The Five-Factor Model in the DSM-5

Via Neuroskeptic, I just found out that the Big Five have been proposed to appear (sorta) in the DSM-5.

The current Axis II disorders will be replaced by a mixture of continuously-rated personality disorder types (carrying forward psychopathy, avoidant, borderline, obsessive-compulsive, and schizotypal) and 6 personality traits. According to the rationale, four of the traits are pathological versions of 4 of the Big Five (Openness/Intellect apparently doesn’t have a pathological extreme).
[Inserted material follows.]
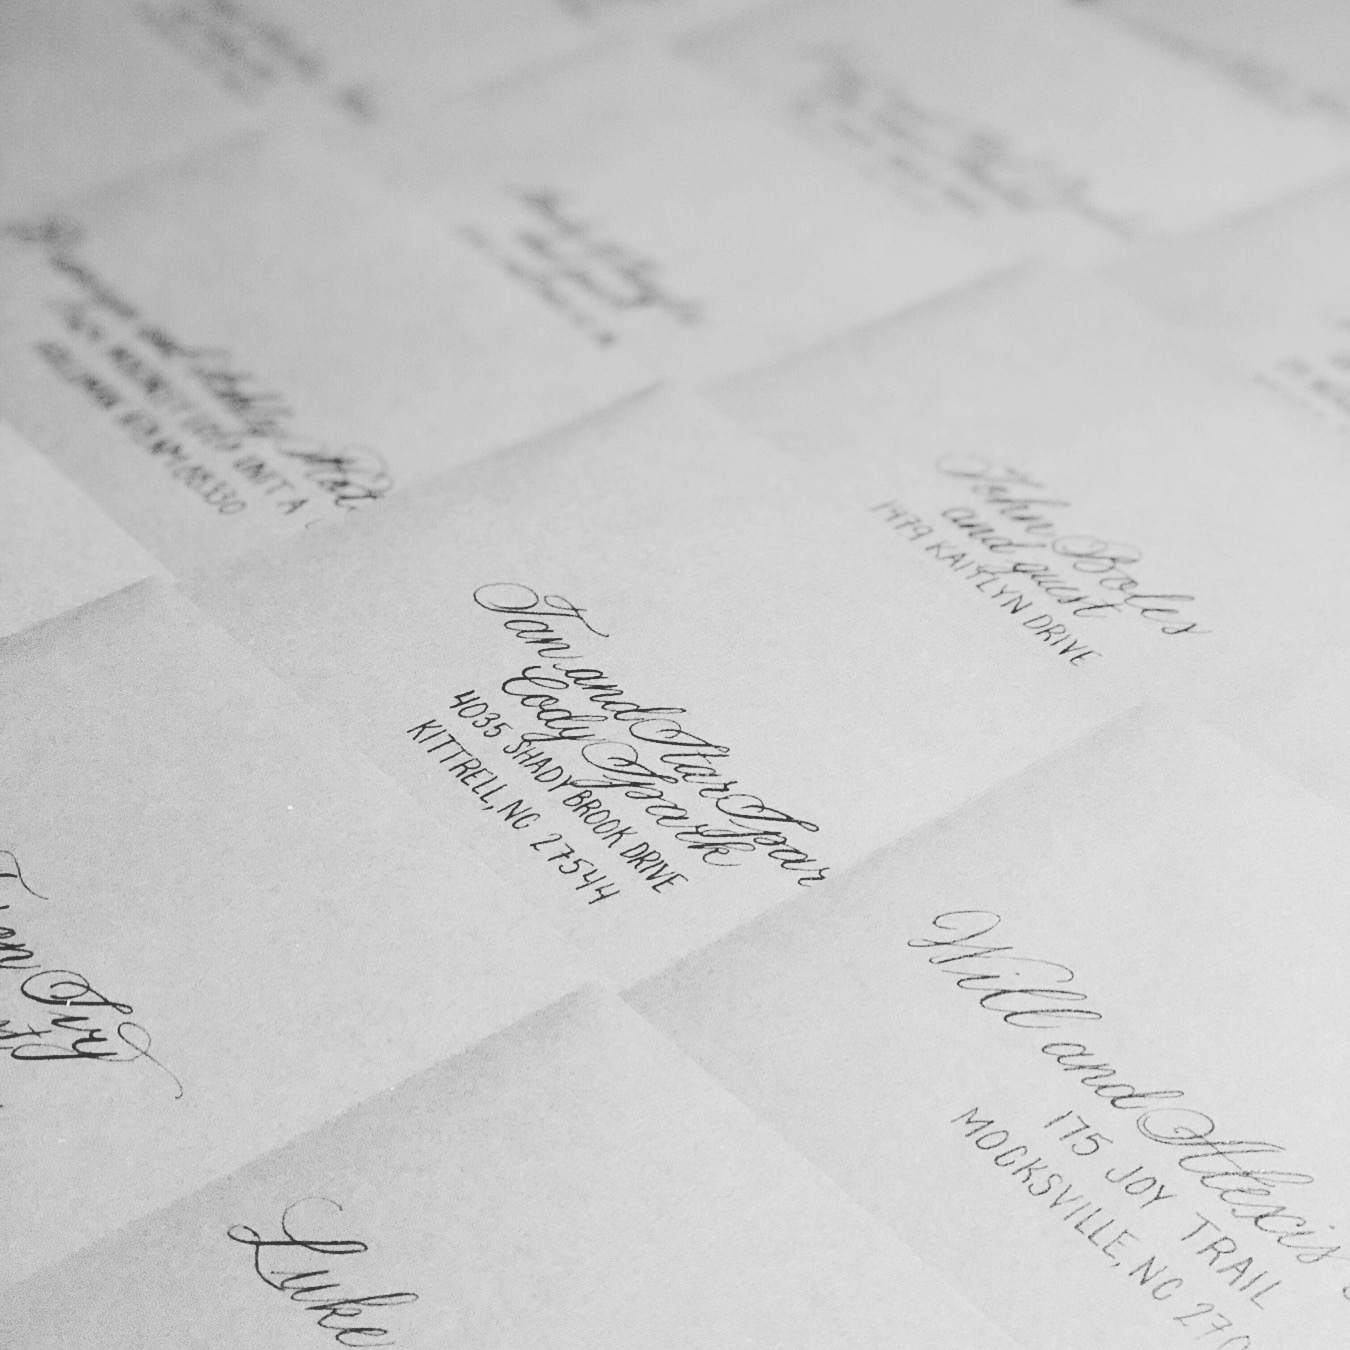 Central PA, York PA, JesSmith Designs, custom, wedding, invitations, bridal, announcements, save the date, baby, hanover, calligraphy, baltimore, wedding invitations, lancaster, gettysburg-03-25 19.17.47.jpg

I need to read more about it, but it’s not clear to me how redundant the types and traits will be, and whether that’s by design. For example, the typology includes a schizitypal type, and the trait space includes a schizotypy dimension (the latter based on David Watson’s work suggesting that trait terms referring to oddness/eccentricity should not have been excluded from the lexical sampling that produced the Big Five). Both are continuously rated — will they provide complementary information, or will they just say the same thing?

One good thing, though, is the shift toward using continuous ratings rather than yes/no categories. This will potentially create practical problem for the healthcare system (if something is continuous, at what point do you decide that insurance will reimburse treatment?), but scientifically it is better in line with what we know about the underlying nature of personality and personality disorders.